Think about that for a moment. Giroux has been captain longer than Dave Poulin. He’s been captain longer than Eric Lindros. He’s been captain twice as long as Mike Richards. What those guys all have in common is they were captains of teams that reached the Stanley Cup Finals. Poulin’s teams reached the finals twice. Giroux’s teams haven’t won a playoff series, so they’ve been light years away from reaching a final and winning a Stanley Cup.

This isn’t to suggest that Giroux is a bad guy. By all accounts, with the exception of one embarrassing incident in a Canadian bar, he’s a good guy. And he’s certainly a terrific player. But maybe he doesn’t have the right personality to be a good leader.

He certainly doesn’t seem to be able to calm things down when the Flyers encounter adversity. Maybe he’s too soft-spoken. Maybe he’s too nice a guy to chew people out, as a captain must do on occasion. But the results make it obvious that Giroux isn’t the type of leader the Flyers need.

The Flyers should strongly consider replacing Giroux as captain. If four-plus years were enough for Ron Hextall as general manager, and three-plus years were enough to decide that Hakstol couldn’t get the job done, then six-plus years should certainly be enough to conclude that Giroux isn’t an effective captain.

This situation has to be handled with kid gloves – or at least velvet gloves. Removing the “C” from Giroux’s jersey could have a devastating effect on a terrific player. It may hurt Giroux’s confidence. More importantly, it may make him feel as if the organization doesn’t have confidence in him. Telling Giroux the organization has confidence in him as a player but not as a captain is a fine line to walk.

The other issue is choosing a replacement. Voracek is in his eighth year with the Flyers. For much of that time, he has been riding shotgun for Giroux. Voracek would seem a little too much like more of the same. With a plus-minus rating of minus-12, the worst among all Flyers forwards, Voracek makes too many of the mistakes that general manager Chuck Fletcher appeared to be referring to when he spoke of a disconnect between what Hakstol was preaching and his players were doing on the ice.

Wayne Simmonds would be a popular choice as captain. He’s a tough guy who stands up for his teammates. But Simmonds, like Giroux, is 30 years old. More importantly, he could be an unrestricted free agent after this season.

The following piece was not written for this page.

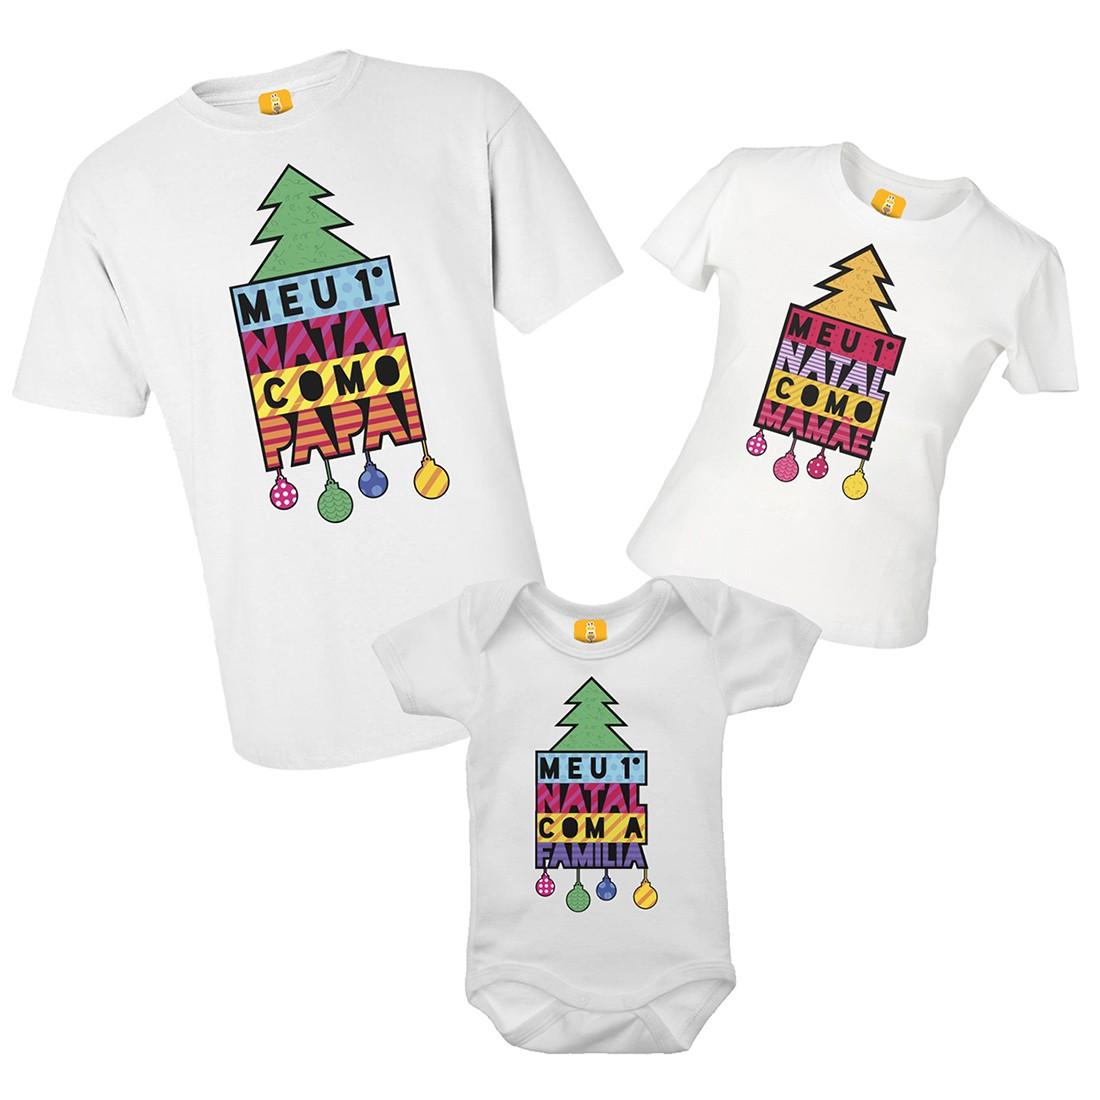 Kit camiseta e body - Meu primeiro natal árvore colorida

If the Flyers don’t plan to re-sign him, Simmonds could be moved at the trade deadline.

I would make Sean Couturier the captain. Although it seems as if he’s been around forever, Couturier just turned 26 years old earlier this month. He should have many good years ahead of him. Couturier is also a highly respected and inspiring player.

Who can forget the final two games of last season’s playoff series with the Penguins? Couturier scored a late goal in Game 5 to extend the series, and then registered a hat trick during a five-point night in Game 6 – having a role in every goal – as the Flyers dropped an 8-5 decision to the Penguins. As everyone found out after the series, Couturier excelled in those games despite playing with a torn MCL in his right knee, an injury that even hockey players usually need at least several weeks to recover from. Couturier only missed one game due the torn MCL and, with five goals and four assists in five games, was clearly the Flyers’ best player in the series.

The Flyers have changed leadership in the front office and behind the bench. It’s also time for them to make a change in leadership on the ice.

Giroux could be offered the opportunity to be assistant captain to ease the transition; however, after failing to win a playoff series during the second-longest reign as captain in Flyers history, it’s time for Giroux to step aside and let someone else wear the “C.”